Localized height profiles of neutral winds and wind gradients derived from drifts of vapor tracers released during the AWESOME rocket mission.

The large-scale global behavior of wind and temperature fields in Earth’s
thermosphere is now reasonably well understood, as a result of decades of
observational and modeling studies. However, superimposed on these
background dynamical fields are much more localized perturbations
associated with propagating acoustic gravity waves. Global descriptions are
unable to resolve local gradients, which are defining characteristics of wave
perturbations. Magnetic storms and substorms deposit energy and momentum
into the atmosphere through Joule heating and ion drag. This deposition is
effective at exciting waves because the resulting gradients occur on spatial
and temporal scales commensurate with requirements for waves that can
propagate at thermospheric heights. This work focuses on characterizing
gradients established by a magnetospheric substorm. The in situ absolute
measurements of wind presented here allow us to resolve spatial gradients on
scales inaccessible to typical remote sensing techniques.

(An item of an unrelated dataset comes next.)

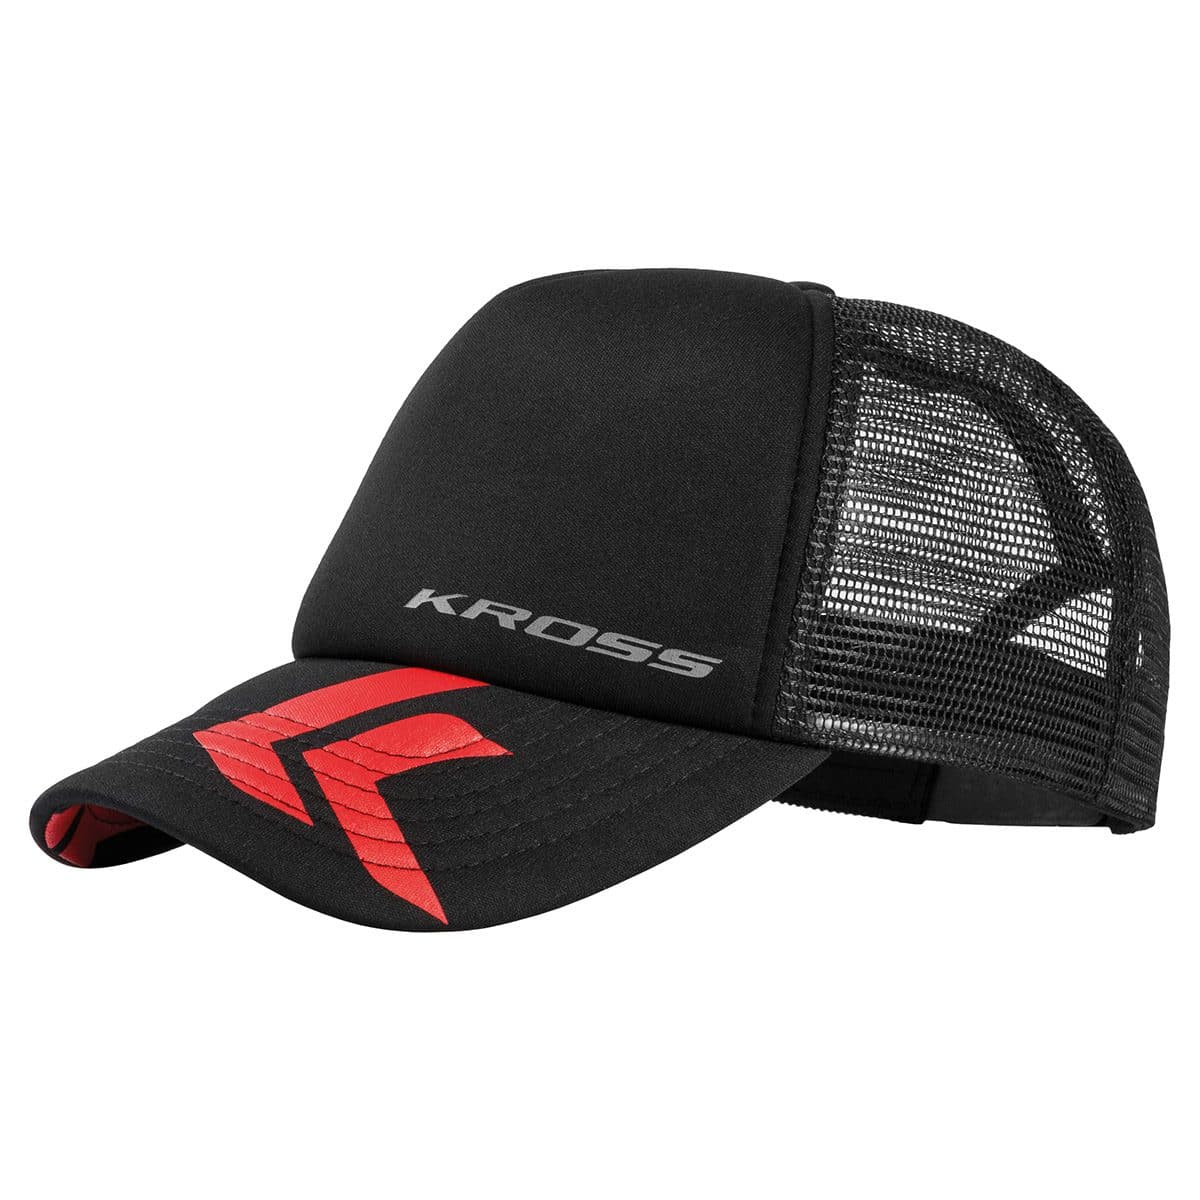 Kross T-CAP  - rowery  - Rowerowy Sam

For this mission, three sounding rockets were launched from Poker Flat. Each
allowed wind measurements by releasing optically trackable vapor clouds.
The first rocket was launched on March 25, 2025, just after the onset of a
substorm. It released a quasi-continuous trail of tri-methylaluminum (TMA),
from which height profiles of wind were obtained over altitudes spanning 80
km-160 km. The second rocket was launched an hour later. In this case, 20
tracer clouds (12 TMA and 8 Ba/Sr) were deployed in a 3-dimensional
constellation by sub-payloads ejected at ~100 m/s from the main vehicle
earlier in the flight. The purpose of this constellation was to allow
measurement of all nine first-order spatial gradients in the wind field. The
third, launched during magnetically quiet conditions on March 29th, 2025,
released another vertical TMA trail and was used to provide a baseline
measurement of the quiet time wind field. The position of the tracer clouds
was determined through photographic triangulation using images obtained
from multiple ground-based sites. Wind velocity measurements were then
derived from the motion of these tracer clouds over time.
This poster presents wind velocity profiles derived from tracer drifts and, from
variation between these profiles, the resulting 3-dimensional view of the
localized thermospheric wind gradients